Files can be uploaded in various formats, including MP3, WAV, and OGG.
Alternatively, the integrated recorder can be used to record audio directly in the browser.
The progress of the transcriptions can be monitored in real-time. Optionally, users can be notified via email when a transcription is finished.
Transcriptions allow for several configurations. The Whisper model can be selected, speaker diarization can be enabled, and the number of speakers can be specified. Users can also opt-in to receive email notifications.
When speaker diarization is enabled, the transcription viewer allows users to playback speaker snippets. Transcripts can be exported as plain text, JSON, CSV, and Excel.

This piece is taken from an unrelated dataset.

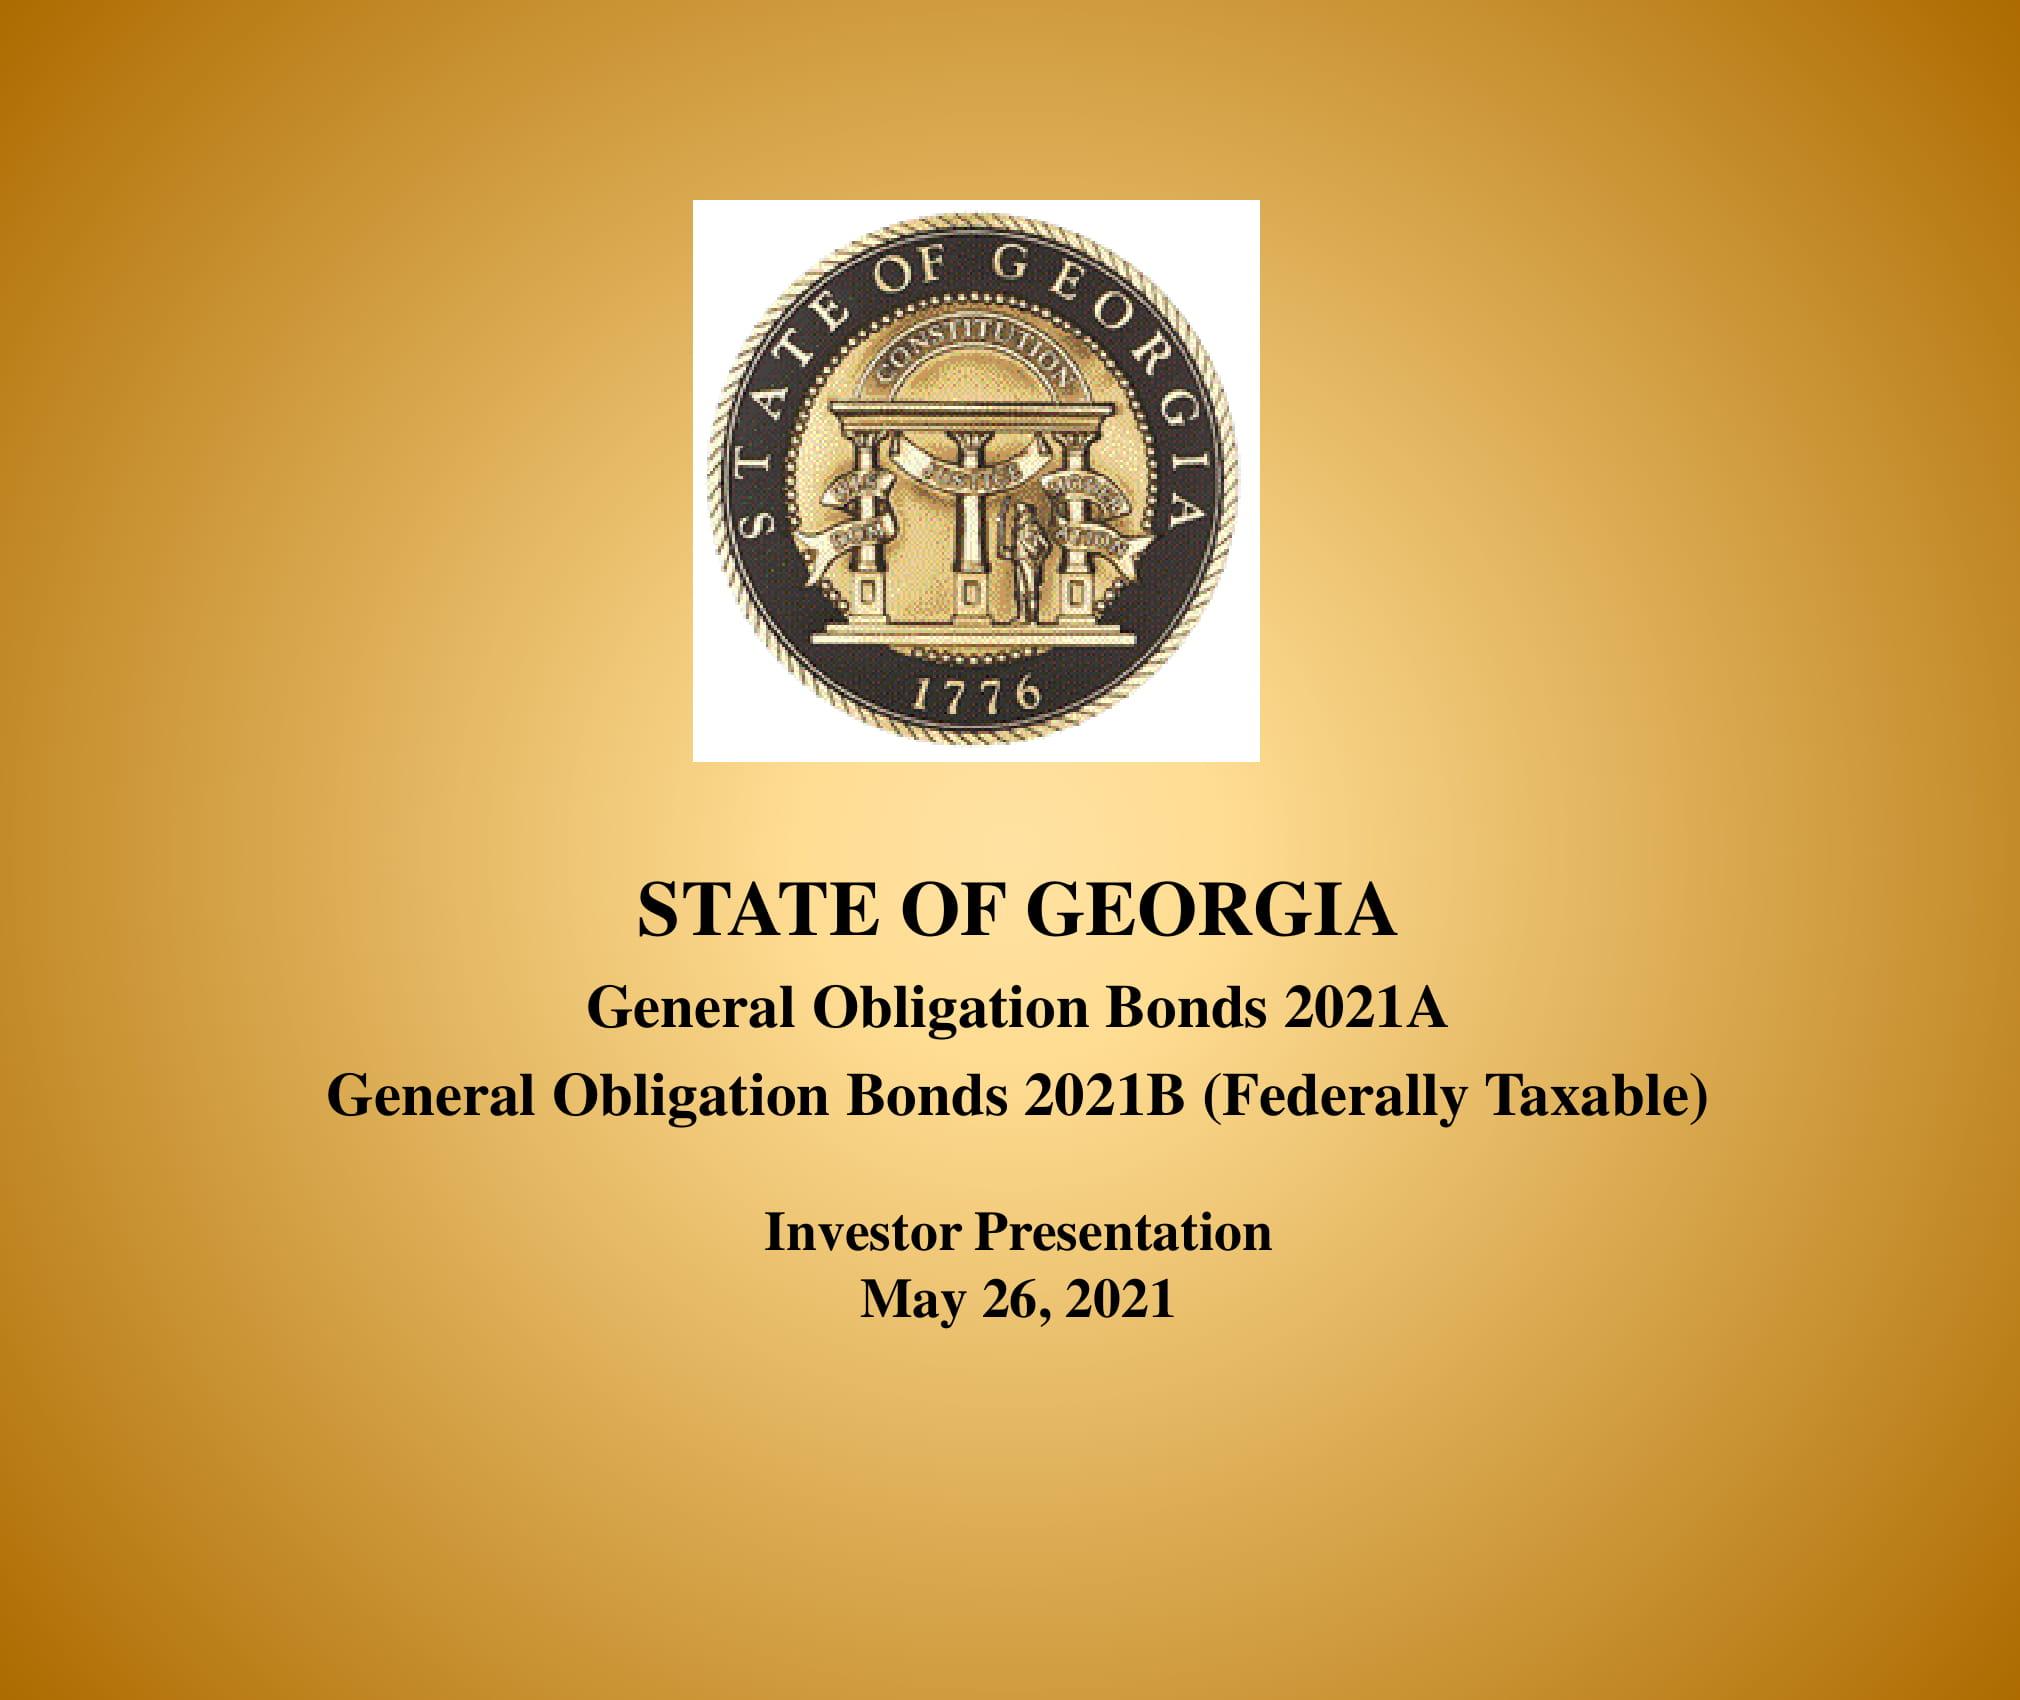 General Obligation Bonds 2021A&B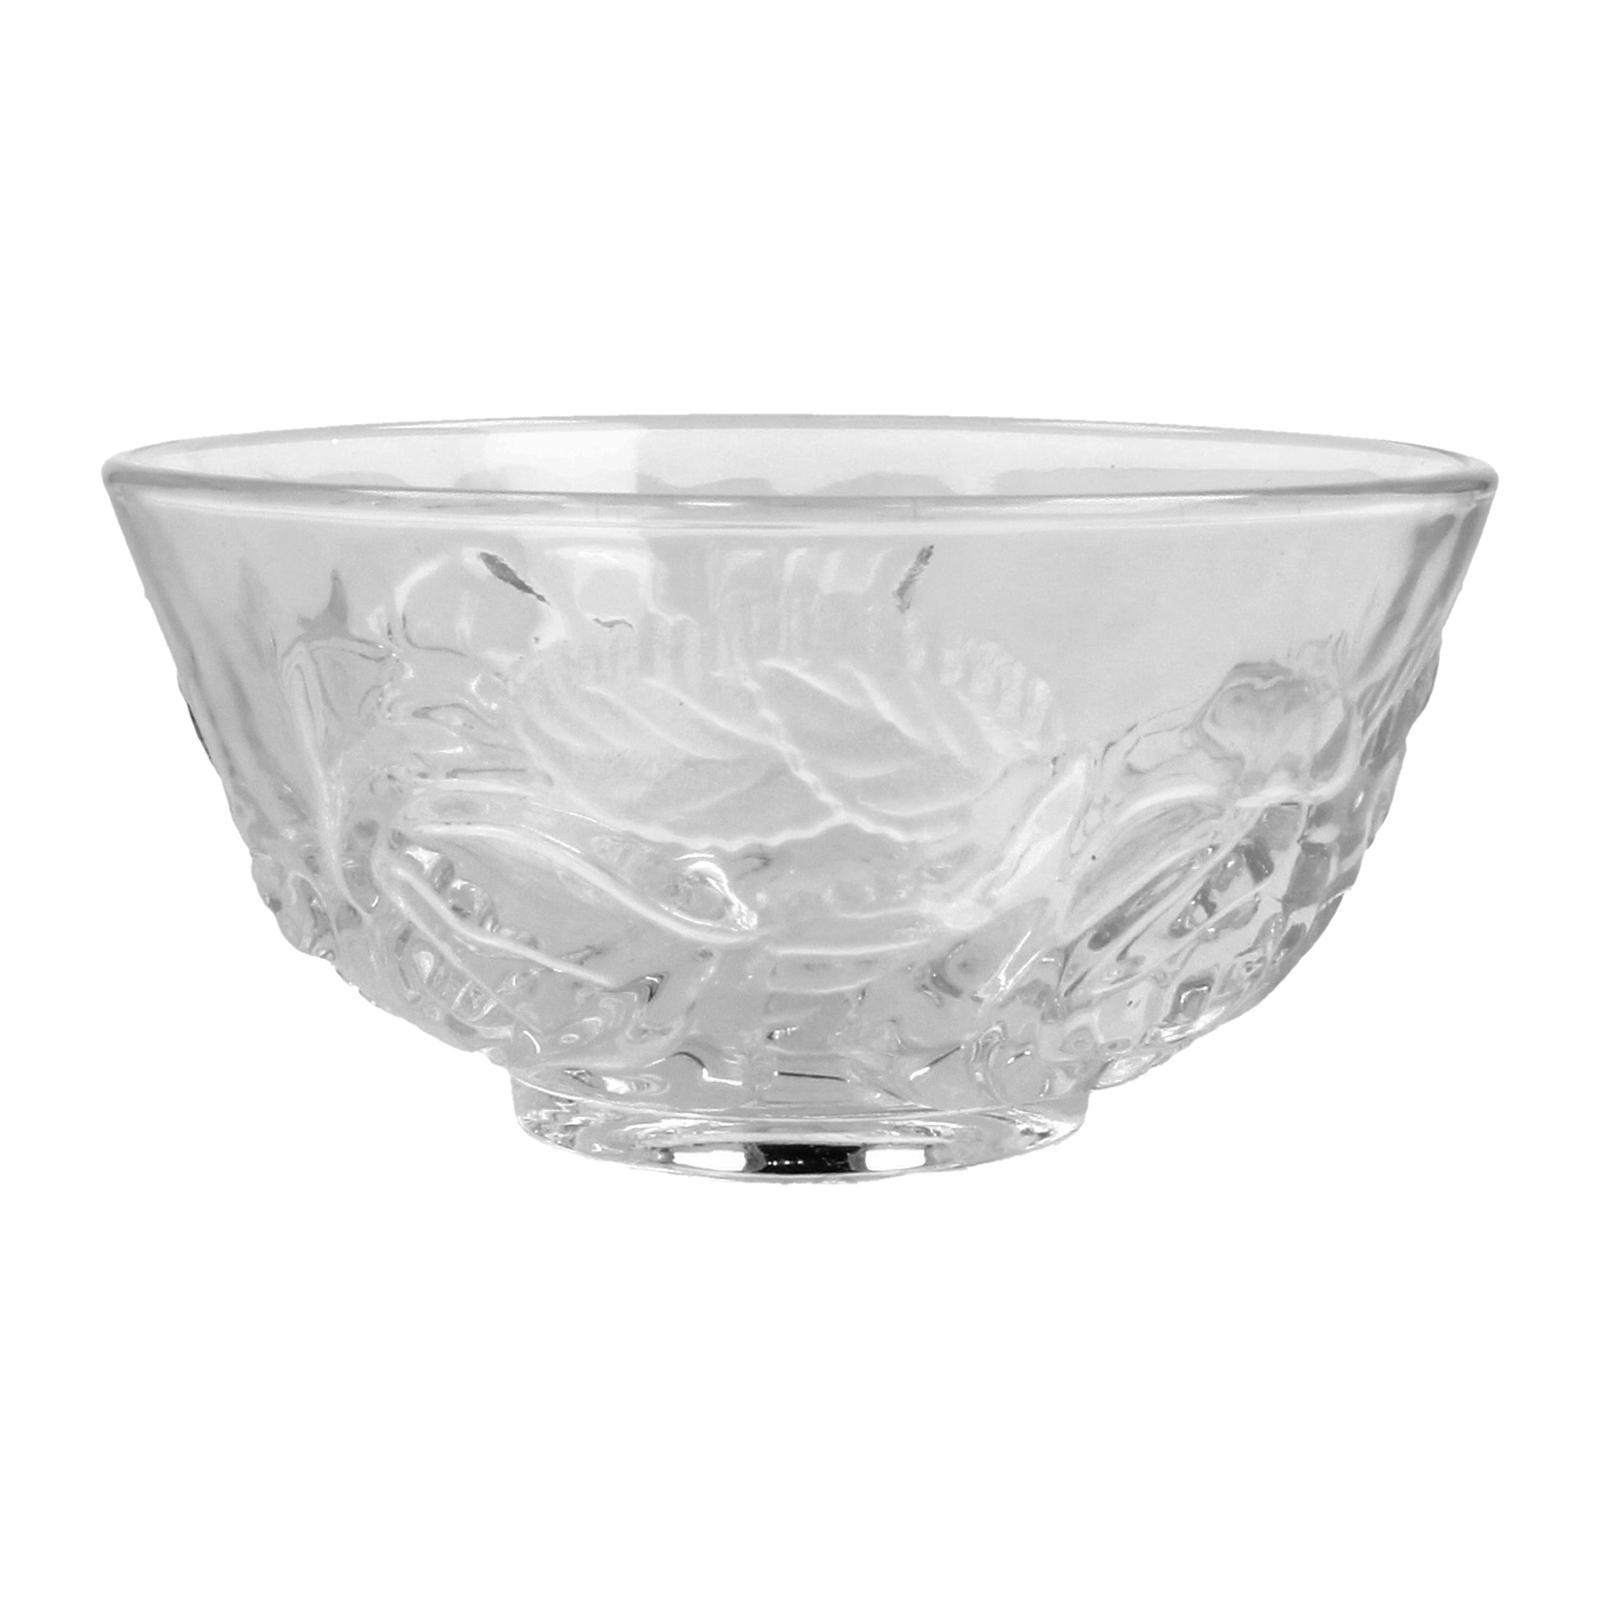 Soga Mid Winter Glass Bowl 3.75

Administrators can monitor the system parameters in real-time, including CPU/GPU usage and RAM/VRAM consumption. Additionally, running transcriptions can be cancelled.
Users can be managed by administrators. New users receive an email with a link to set their password. Users can also reset their password via email.
Thanks to MJML, emails are designed in the application's theme and optimized for all devices.
The application is fully responsive and optimized for mobile devices.
In addition to the default dark mode, the application also supports a light mode.
This project is licensed under the AGPL-3.0. The key point: if you modify and use this code, especially in networked applications, those changes should be shared under the same license. It's about maintaining openness in software development. For exact terms refer to the LICENSE file.